Approximately 50% of people from these kindreds are mutation carriers destined to develop dementia of the Alzheimer’s type, generally at an early age (~30 to 50 years). In the present http://www.selleckchem.com/products/Axitinib.html review, we define autosomal-dominant Alzheimer’s disease (ADAD) as dominantly inherited AD with pathological confirmation. Other terms, such as familial AD and early-onset AD, may encompass ADAD, but may also include AD from nondominant causes such as the apolipoprotein E4 allele or sporadic Alzheimer’s disease (SAD). Although ADAD represents fewer than 1% of all AD cases, it is a critically important area of study because the pathological features of the disease are similar to the more common sporadic form, because causative mutations have known biochemical consequences that are believed to underlie the much more prevalent sporadic form of the disease, and because it is possible to identify and study presymptomatic individuals decades before they are destined to develop clinical disease.
The opportunity to determine the sequence of biomarker changes in presymptomatic gene carriers who are destined to develop AD is likely to reveal critical information about the pathobiological cascade that culminates in symptomatic disease. The realization that AD is a major and growing public health problem with aging populations has added urgency to the search for improved therapeutics. Many proposed treatments for AD currently target slowing or halting of the underlying disease (that is, putative disease-modifying interventions), but they are not likely to reverse the extensive neuronal death already present at the onset of symptoms.

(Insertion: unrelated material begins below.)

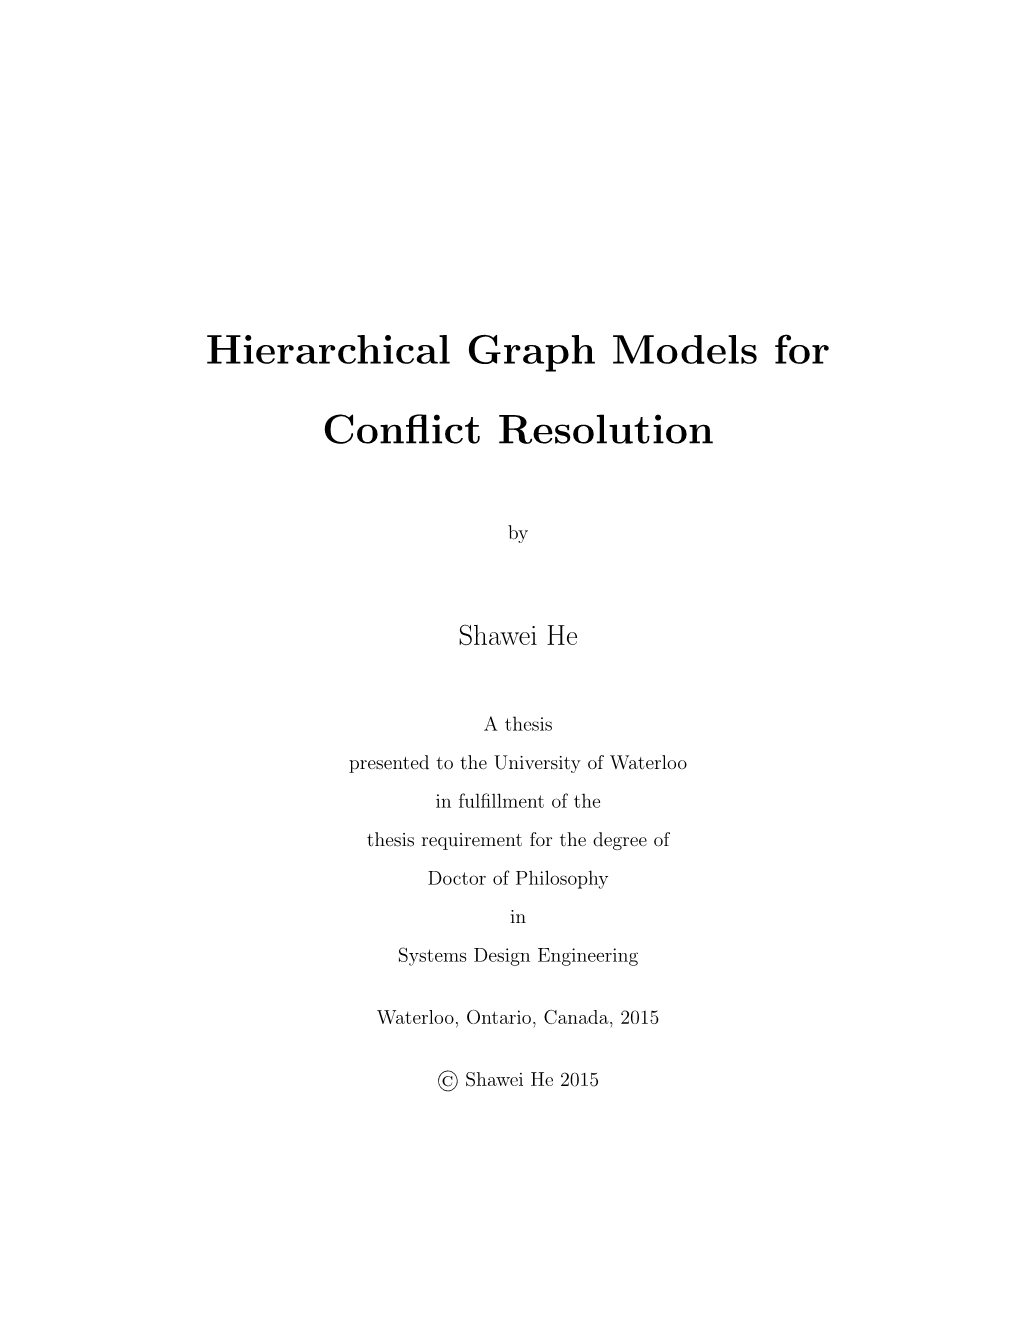 Hierarchical Graph Models for Conflict Resolution

For individuals and families at risk for ADAD, such interventions have the potential to delay or even prevent dementia in asymptomatic individuals, in addition to slowing progression in those with symptoms. These at-risk individuals offer a potential proof of concept for presymptomatic disease modification, with implications for AD more generally. ADAD families have provided important insights into the pathogenesis of AD in the past several decades. Discovery of human genetic mutations has facilitated the development of the transgenic animal models used in AD research today. Knowledge of the molecular mechanisms of the identified mutations has catalyzed Carfilzomib identification of the causative pathogenic events in AD in humans.
Indeed, this avenue of research has provided the most compelling case for a unifying theory of AD. In addition to contributing to exactly advances in the basic scientific understanding of AD, ADAD families represent an ideal population for preventative and treatment trials for several reasons. First, there is near certainty (~100%) regarding development of the disease with a known mutation that enables prevention studies and increases the power of treating minimally or presymptomatic patients.